Да воссвятится имя Пильма!
Врагов заставив всех застыть!
Мда… Кто, интересно, эту песню выдумал? Глупее ничего не слышал.
– Да! – взревел какой-то толстый ящер, вскочив. – Да, во имя Пильма нашего!
– Заткнись, – мрачно сказал другой, сидящий напротив. – Не мешай слушать!
Ящер поперхнулся, и сел, бросив недобрый взгляд на другого. Но тот даже не обратил внимания, продолжая слушать певца… Зато еще один вскочил, молча, с размаху вбив короткий нож в доску стола и оглядев всех горящими угольками глаз.
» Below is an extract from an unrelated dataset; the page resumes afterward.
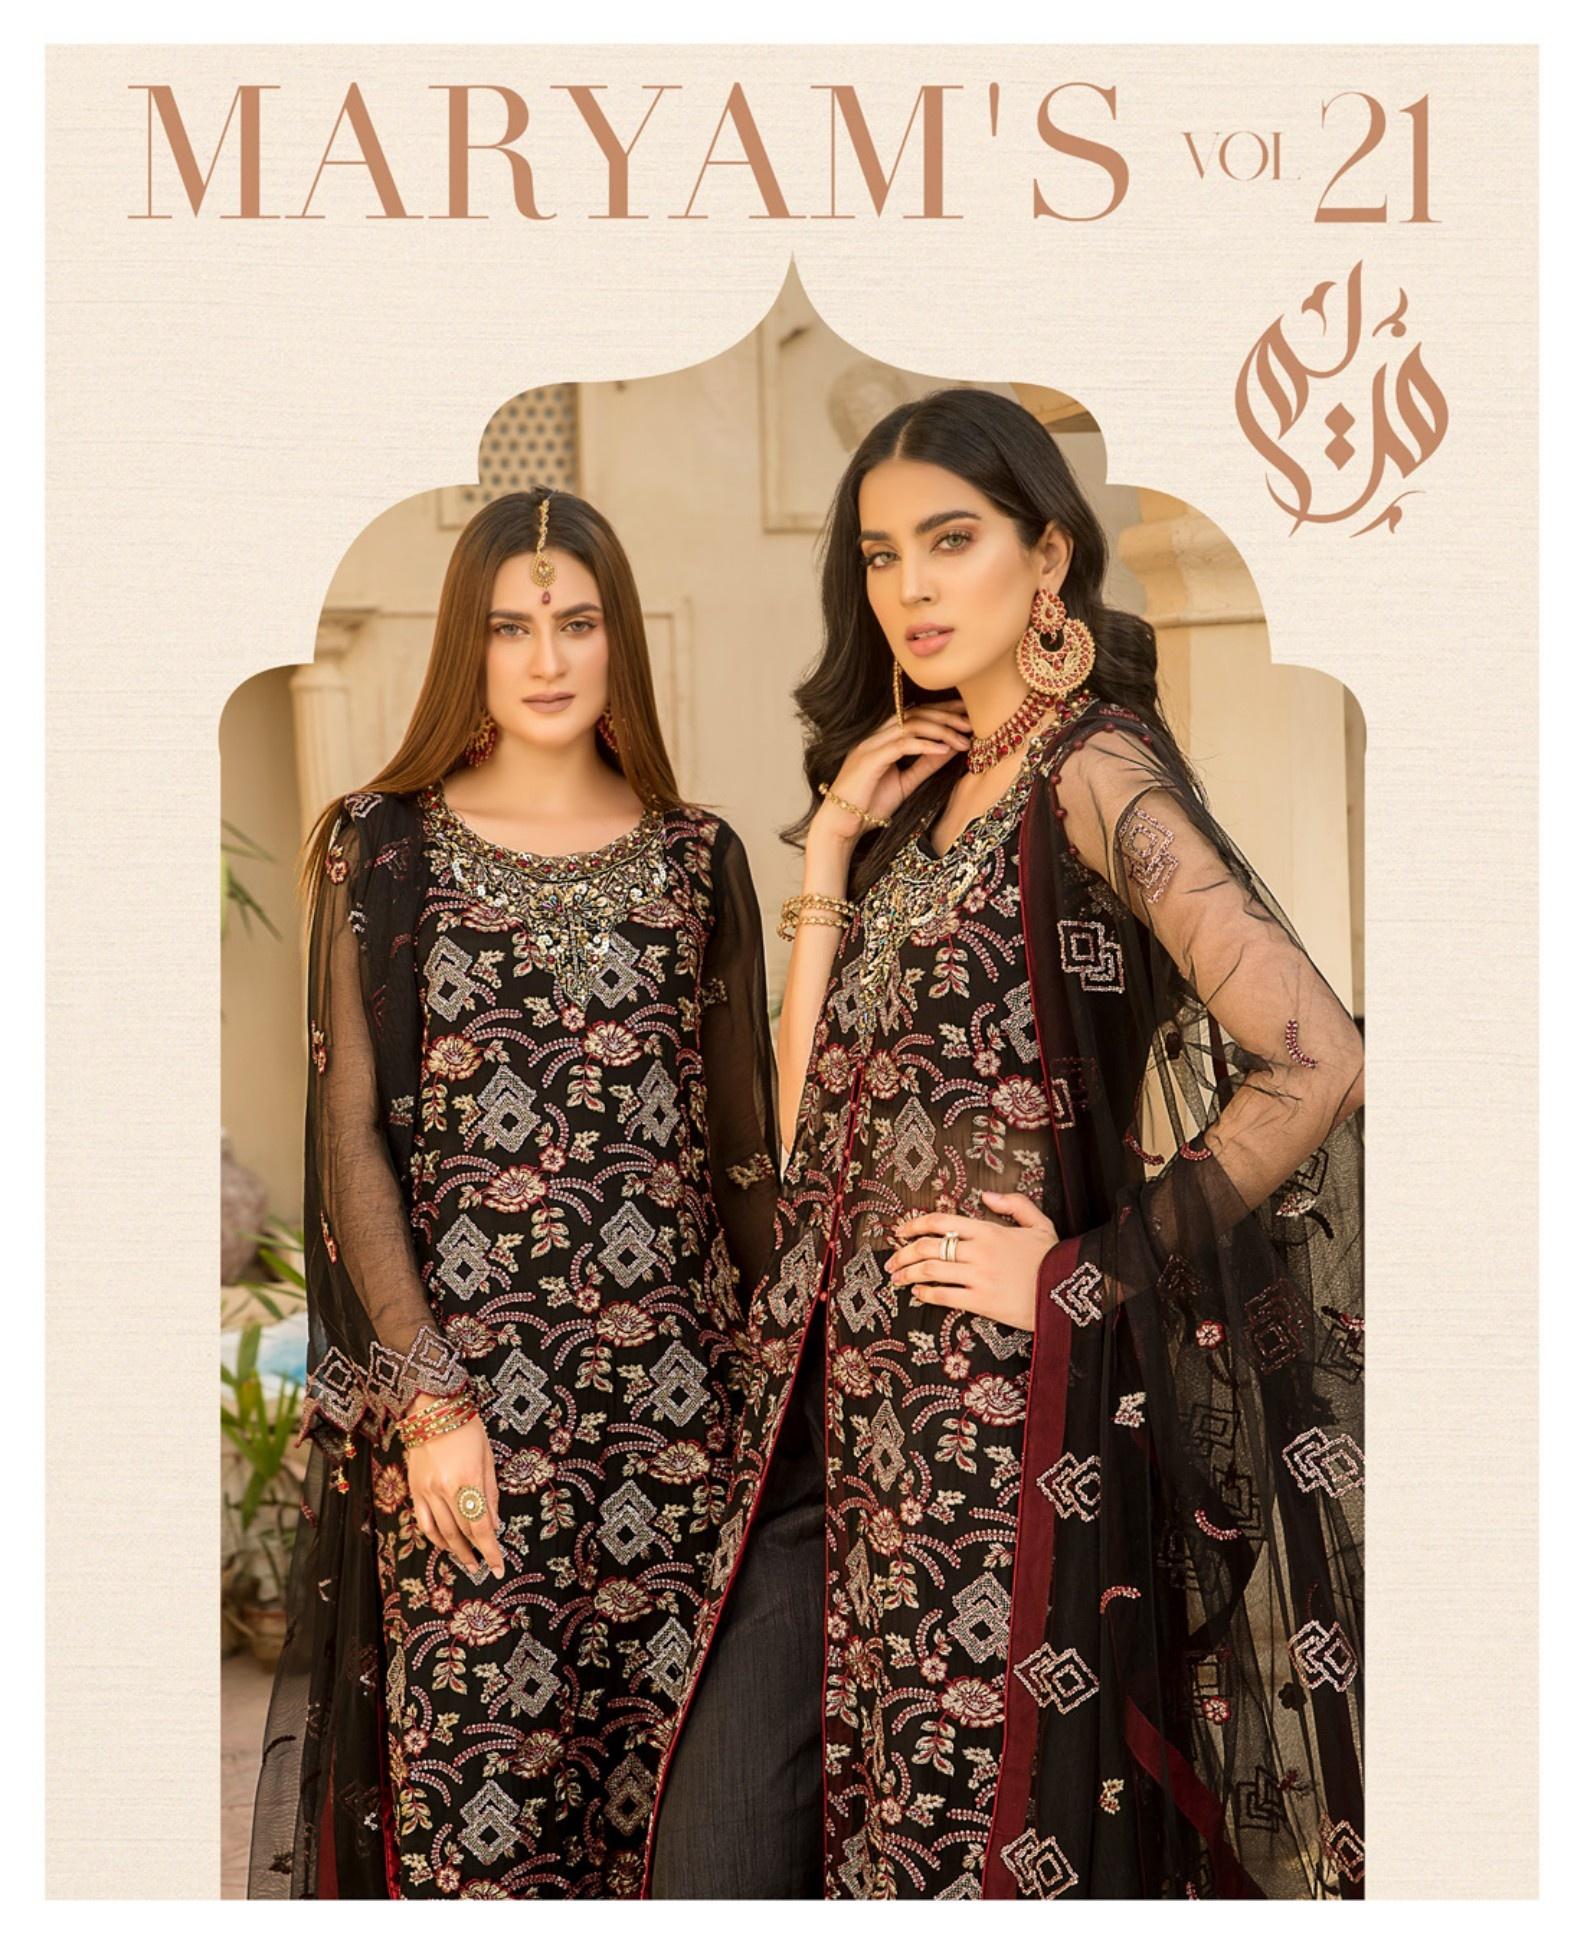 Maryam Vol 21
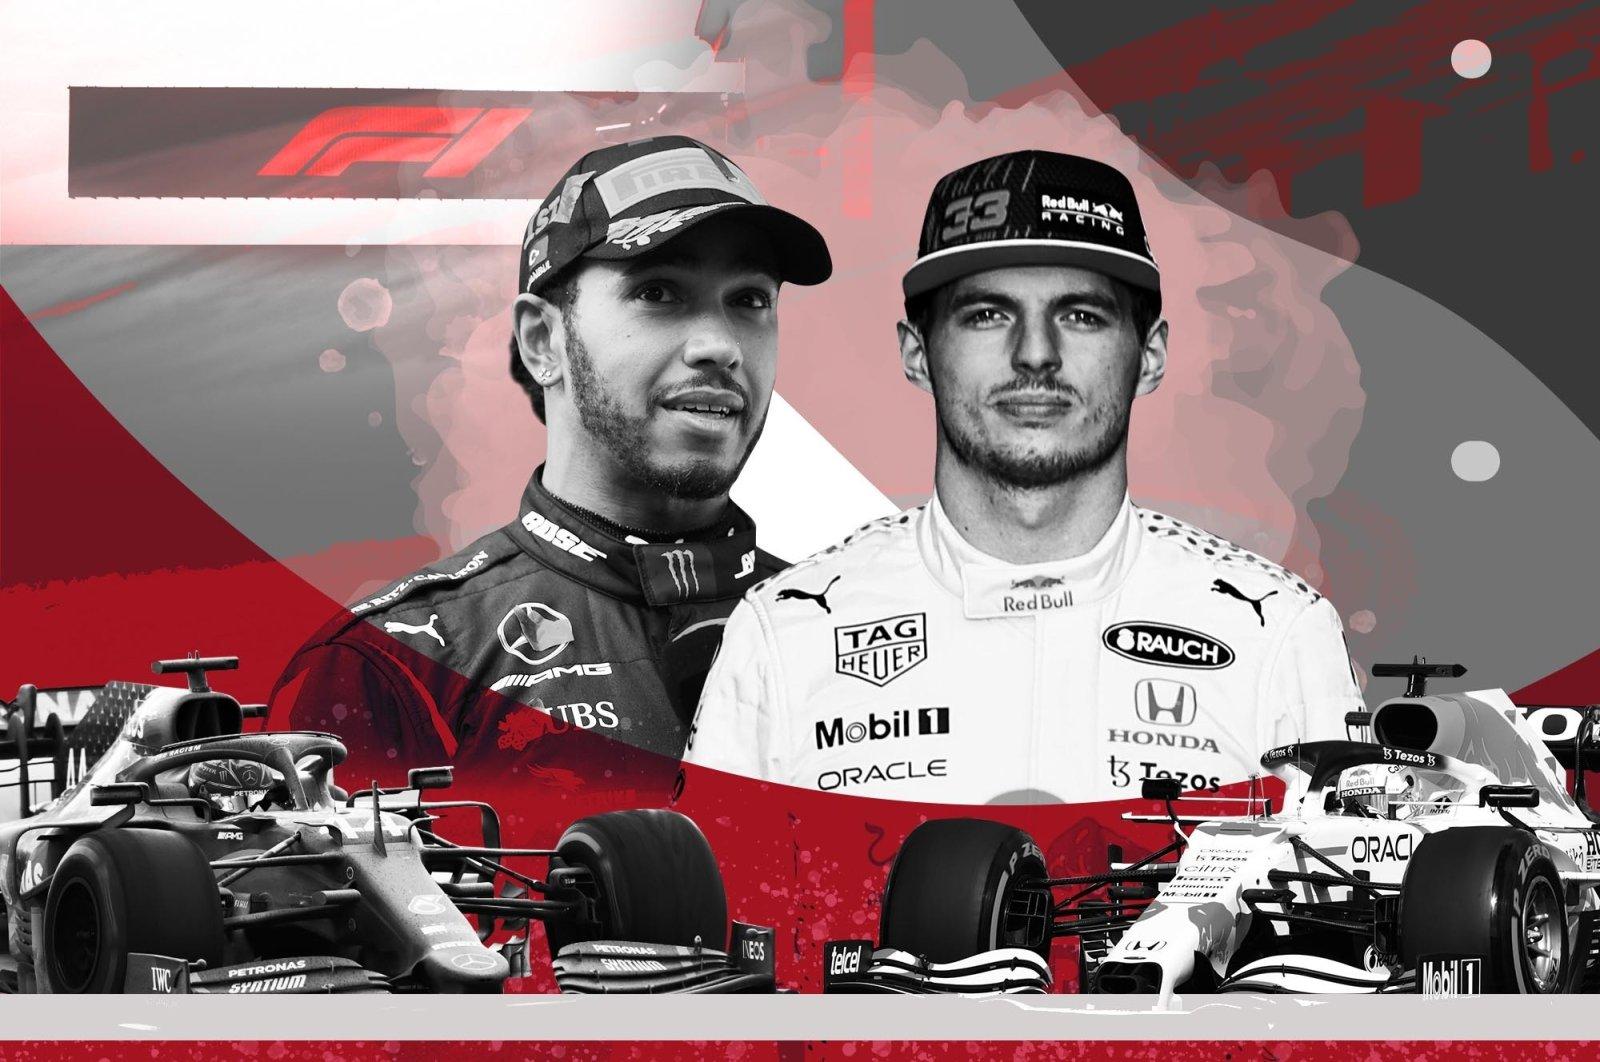 A photo illustration by Daily Sabah's Büşra Öztürk shows Mercedes driver Lewis Hamilton (L) and Red Bull's Max Verstappen. (Büşra Öztürk)

Но и на него не обратили внимания.
Дни тяжелейшие как-то настали,
Рушились скалы, ломая остов…
Твердым мечом врагов выжигали,
Но и тогда не жалели хвостов.
И гибли все братья, сотнями тысяч,
В битве великой, что шла среди скал.
Пильма услышал, Пильма увидел,
И на подмогу нам войско прислал!
Да воссвятится же имя Великое!
Нашего Бога, пославшего ад,
На наших врагов, войско безликое,
На сотни чужих, неизвестных солдат!
Теперь вскочили все, шипя и улюлюкая, кто-то размахивал коротким мечом, кто-то полез на стол, но свалился, кто-то требовал вина… Мримо взирал на все это поистине с каменным спокойствием, даже не предприняв попыток успокоить гостей. А юноша все продолжал петь, перебирая тонкими пальцами струны, и его голос становился все выше и выше, запросто перекрывая шум…
Мы усмехнемся, мечи доставая,
Обрушим на головы злобных врагов!
Прорвемся, несемся, не отставая,
За ними, кошмарные всадники снов.
И воспылают сердца наши местью,
Пильма над нами, сильна его длань…
Затопчем обидчиков наших на месте,
Соберем их голов кровавую дань…
Ящеры бесновались. Я успел увернуться от тяжелого стула, который швырнул в меня кто-то из гостей. Встал и посмотрел на Мримо. Тот отрицательно покачал головой, увидев, что я приподнял посох. Ну и ладно…
Мримо поднялся во весь рост и хлопнул в ладоши. Но его не услышали. Всем было не до него: летали стулья, кто-то уже бился на мечах, забрызгивая столы кровью, кого-то уже отправили под стол… Тот самый толстый ящер, который в начале вскочил, схватил баранью ногу и крутил ею над головой, шипя что-то нечленораздельное и ища соперника. Но не успел подраться, как его огрели сзади по голове. Он звонко булькнул и рухнул на пол, выронив ногу.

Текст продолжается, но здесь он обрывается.